Examples for developing intuition

Let’s look at a few examples to develop intuition for making these choices. These examples are not rules, but guidelines to inform your decisions.

We will consider the following dataset for our examples and we will assume that we need to display this data on our website.

id email date amount is_approved
1237907 cplowman0@nps.gov 7/5/2019 240.5 TRUE
1678984 vizakson1@hexun.com 9/26/2019 414.03 TRUE
2177890 jgairdner2@intel.com 8/14/2019 938.55 TRUE
1536823 ebatchelor3@jalbum.net 5/8/2019 912.03 FALSE
2074131 edorset4@omniture.com 5/29/2019 178.92 FALSE

Transactions (Mock data generated using Mockaroo)

Display “email” for all the transactions

In this case, where you only need to display the emails one by one, just sending them as a list will do the job. Right?

email_ids = [
    "cplowman0@nps.gov",
    "vizakson1@hexun.com",
    "jgairdner2@intel.com",
    "ebatchelor3@jalbum.net",
    "edorset4@omniture.com"
]

This is the simplest way to loop over the emails and display them on your website. Our frontend code could simply expect a list and loop over them.

I am writing the syntax for Jinja Templates, but that’s because it is a light weight way of communicating what I want. The solution isn’t Jinja specific and will hold true for any kind of backend or frontend templating engines.

<body>
  Email IDs of people who transacted are:
  <ul>
    {% for email_id in email_ids %}
      <li>{{ email_id }}</li>
    {% endfor %}
  </ul>
</body>

But remember what I said about there being no incorrect way? So, just for fun, what are some other ways we could have done this? We could have passed this data to our frontend code as a list of list:

email_ids = [
    ["cplowman0@nps.gov"],
    ["vizakson1@hexun.com"],
    ["jgairdner2@intel.com"],
    ["ebatchelor3@jalbum.net"],
    ["edorset4@omniture.com"]
]

Or a list of dictionaries:

email_ids = [
    {"email": "cplowman0@nps.gov"},
    {"email": "vizakson1@hexun.com"},
    {"email": "jgairdner2@intel.com"},
    {"email": "ebatchelor3@jalbum.net"},
    {"email": "edorset4@omniture.com"}
]

You could also come up with more ways and none of them will be incorrect. As long as you can access the data you want, it isn’t incorrect. But you start to see how sending just a list of emails was simpler, and the corresponding code that handles it on frontend was so much simpler.

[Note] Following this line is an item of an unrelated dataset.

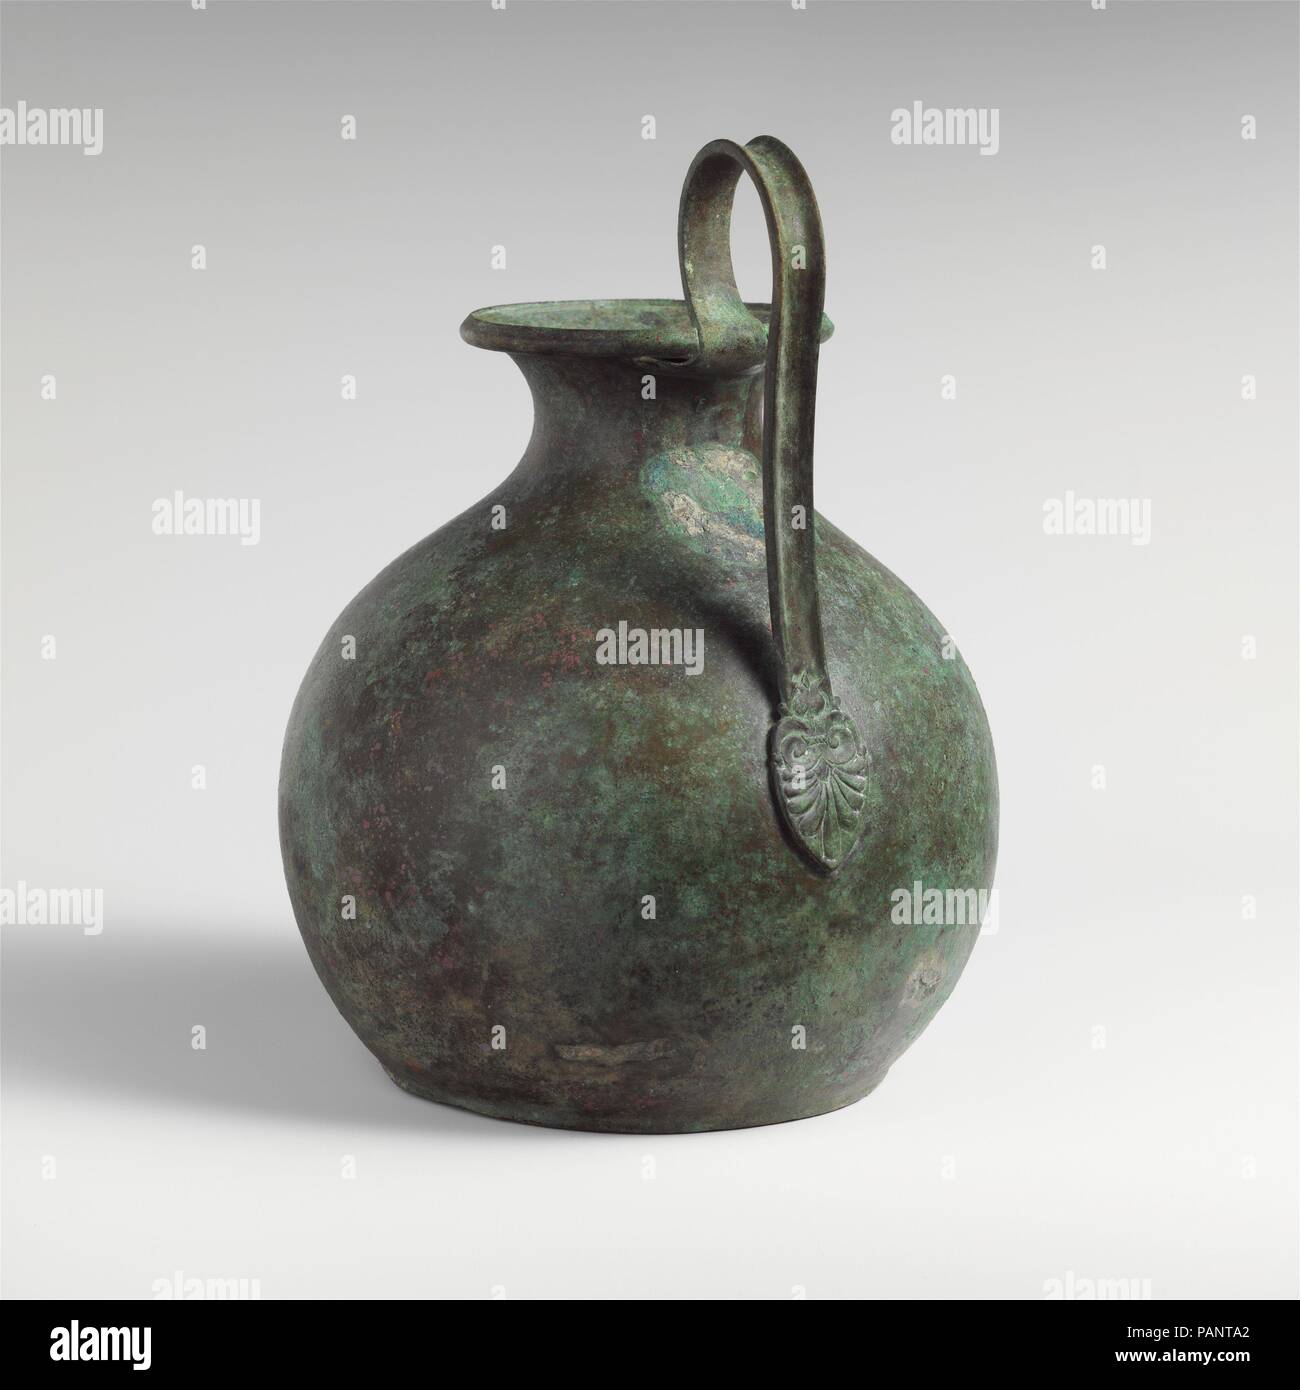 Bronze oinochoe (jug). Culture: East Greek. Dimensions: H. x width  9 1/16 x 5 in. (23 x 12.7 cm)  diameter  7 in. (17.8 cm). Date: late 6th century B.C..  Handle is worked separately; it may be an ancient replacement. Museum: Metropolitan Museum of Art, New York, USA. Stock Photo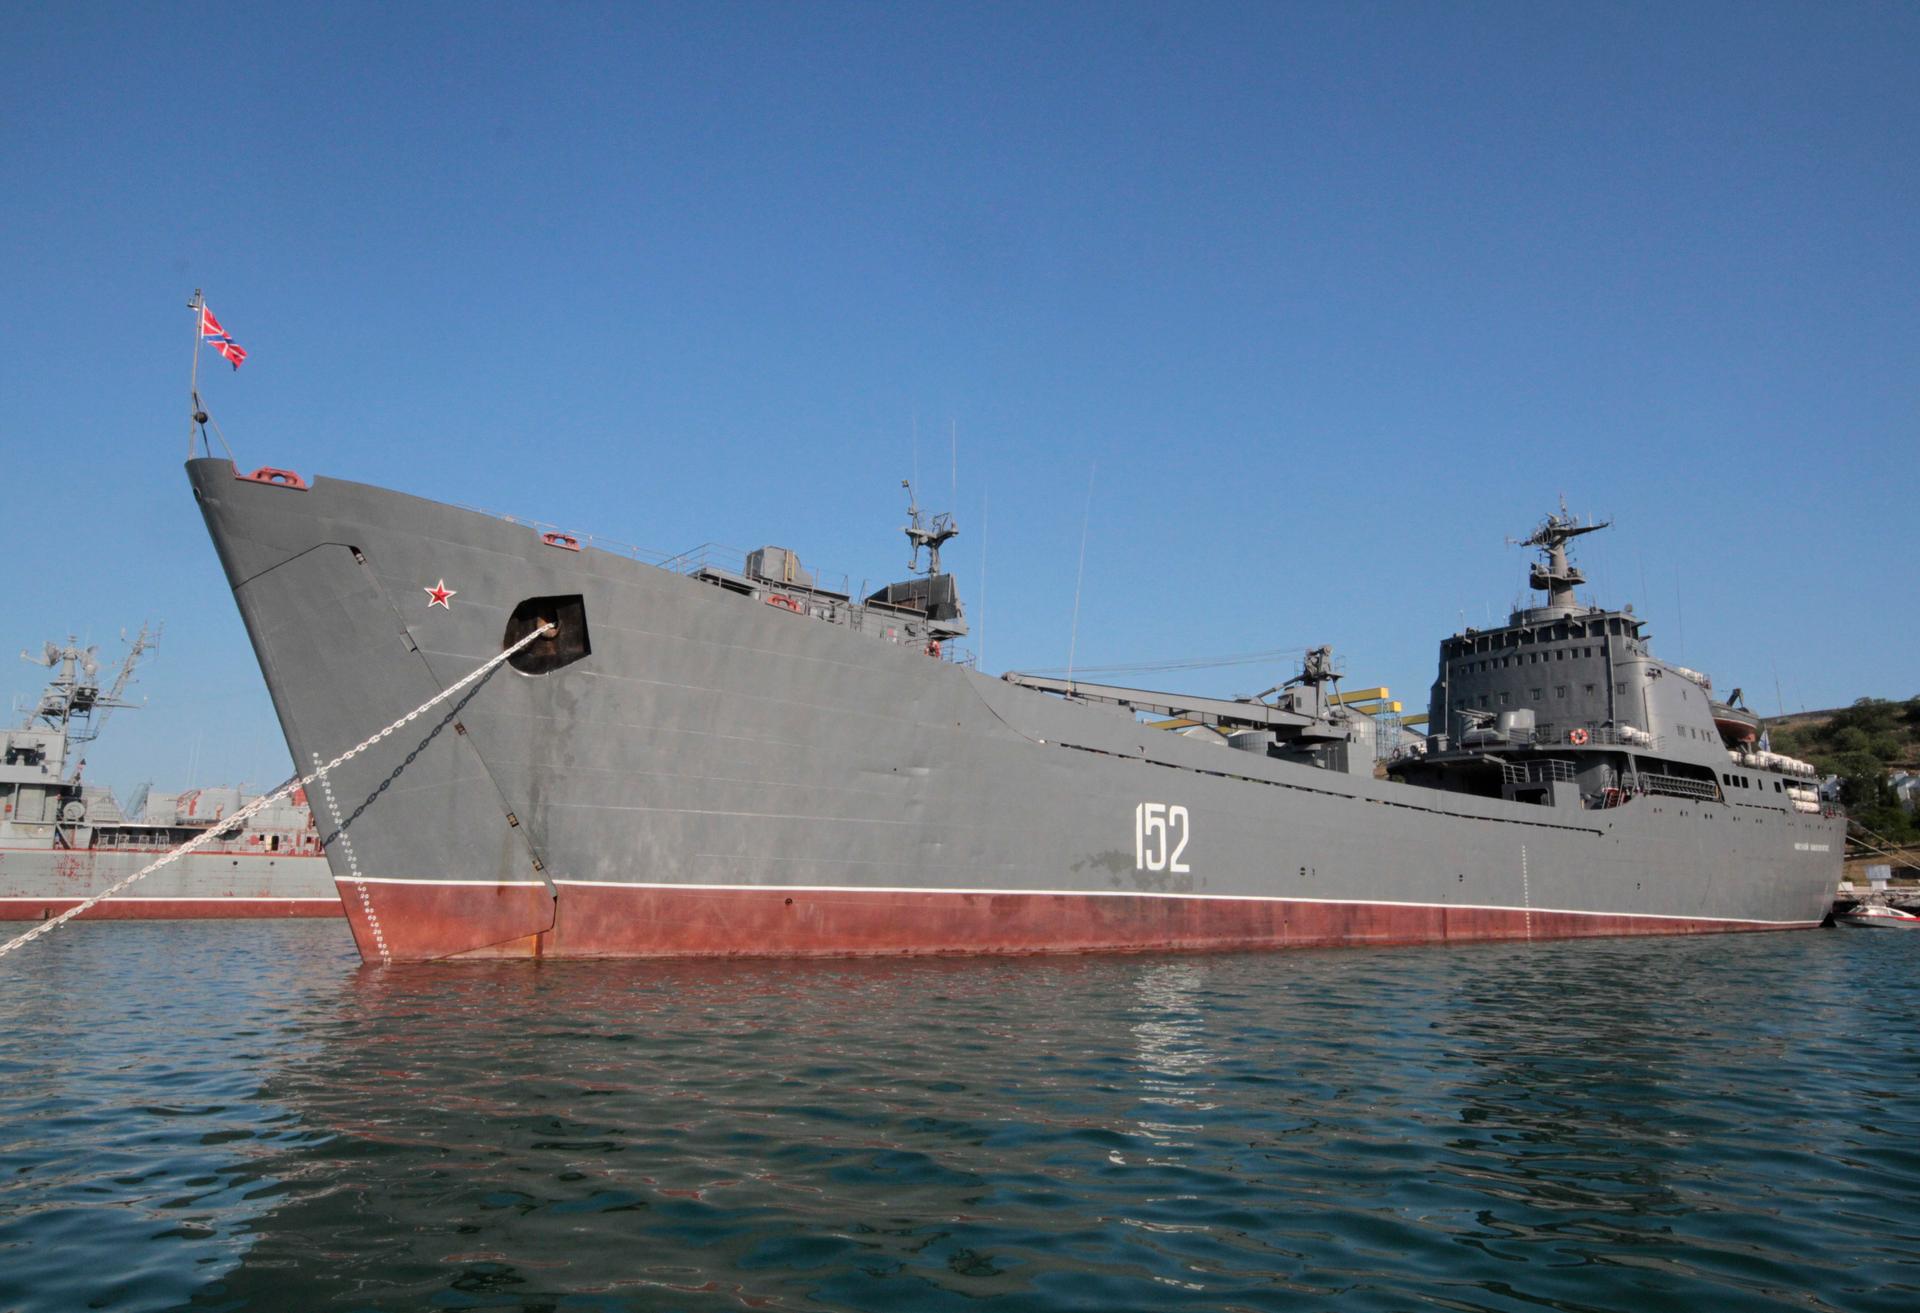 Russian Navy amphibious landing vessel "Nikolai Filchenkov" is docked at the Ukrainian Black Sea port of Sevastopol, June 19, 2012. The vessel is in the state of instant readiness for departure on a mission to the Syrian port of Tartus.

Display “email”, “date” and “amount” for each transaction

Let’s start from the frontend this time. Without thinking about how will we structure the data, what is the simplest way to display these specific columns? Maybe:

<body>
  Some information about all the transactions
  {% for transaction in transactions %}
    <ul>
      <li>Email: {{ transaction.email_id }}</li>
      <li>Date: {{ transaction.date }}</li>
      <li>Amount: {{ transaction.amount }}</li>
    </ul>
  {% endfor %}
</body>

This looks like a readable piece of code, right? Looking at it, it kind of becomes clear how we want to send data to the frontend. We are going to send it as a list of dictionaries. Where each dictionary represents a transaction record:

transactions = [
    {
        "id": 1237907,
        "email": "cplowman0@nps.gov",
        "date": "7/5/2019",
        "amount": 240.5
    },
    {
        "id": 1678984,
        "email": "vizakson1@hexun.com",
        "date": "9/26/2019",
        "amount": 414.03
    }
]

Again, we could very easily represent this data in multiple other ways and still be able to display the required information. For example, we could send this data as a list of list without column names:

transactions = [
    [1237907, 'cplowman0@nps.gov', '7/5/2019', 240.5],
    [1678984, 'vizakson1@hexun.com', '9/26/2019', 414.03]
]

You might already be starting to realise (if not, don’t worry, you will soon) how this could become unwieldy very quickly. You will have to access values of each transaction based on their index in the list which

  1. starts to become less readable (Amount: {{ transaction[3] }})
  2. and makes it difficult to change things later, as you always have to count the index that you want (imagine you had 20 attributes, how difficult would it be to reliably count the index which you want to use?).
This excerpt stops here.